Parece ser que ha cambiado el año. A mí me la refanfinfla, pero lo que es, es. Ya ves tú la novedad. Un número de cuatro cifras, qué importancia tendrá para regir la vida del mundo entero. Una más de tantas gilipolleces que no ocurrirían si los gatos domináramos la Tierra.

Pero bueno, analizando la situación, veo mal a los panolis. Cuando lo tenían en la mano, ha vuelto a complicarse lo del piso. Encima, a la rubia le dieron un golpe con el coche y ahora lleva collarín. El coche, a la chatarra.

La verdad, esta gente a veces me preocupa. Los veo tan indefensos, en sus penurias, que hasta, muy de vez en cuando, me darían ganas de hacer algo por ellos. Conmigo no se portan mal: hago lo que me da la gana. Cuando quiero comer, como, cuando quiero arañar, araño. Es tal su desazón que, como te digo, les tengo ternura. Hay que ver cómo me ablando. Deben ser las fechas.
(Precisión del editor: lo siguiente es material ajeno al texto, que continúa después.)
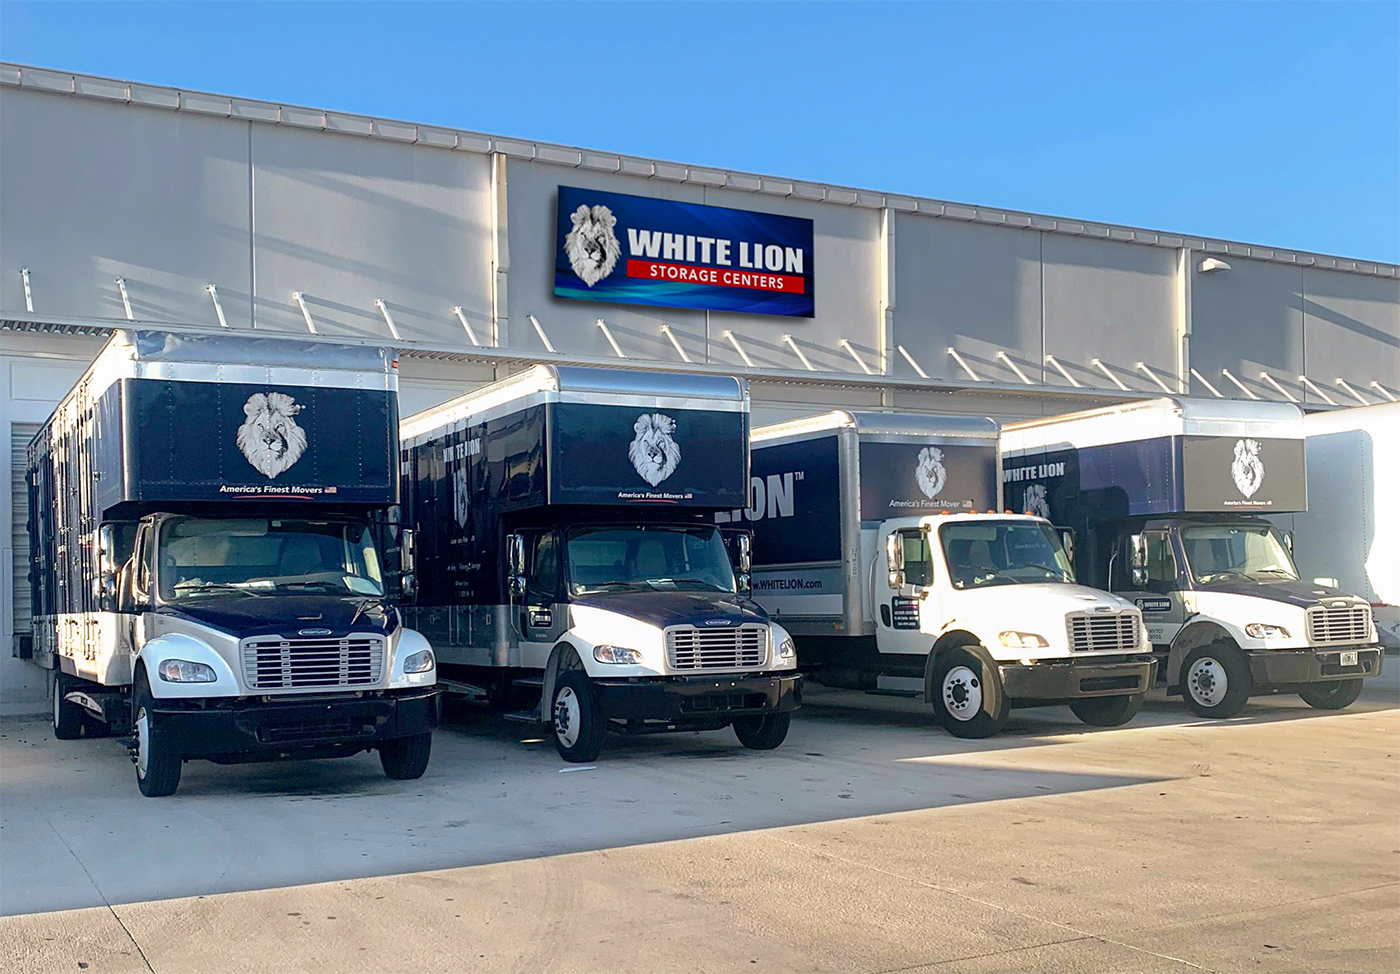 white lion's fleet of trucks

Y qué coño, la razón última: es que si ellos van a la ruina, yo caigo detrás. A ver quién me compra el pienso que como. De a catorce euros la bolsa, de veterinario, nada de Mercadonas ni Carrefures. Si es que como mil veces mejor que ellos, que rara vez pasan de la marca blanca. Lo que te comento: que me llevan entre algodones. Va a ser porque no tienen hijos, y descargan en mí las paternidades frustradas. De cajón.

A ver si se soluciona el tema económico y los veo respirar algo más tranquilos. Como promesa de Año Nuevo, me he propuesto ser más empática. A ver lo que duro.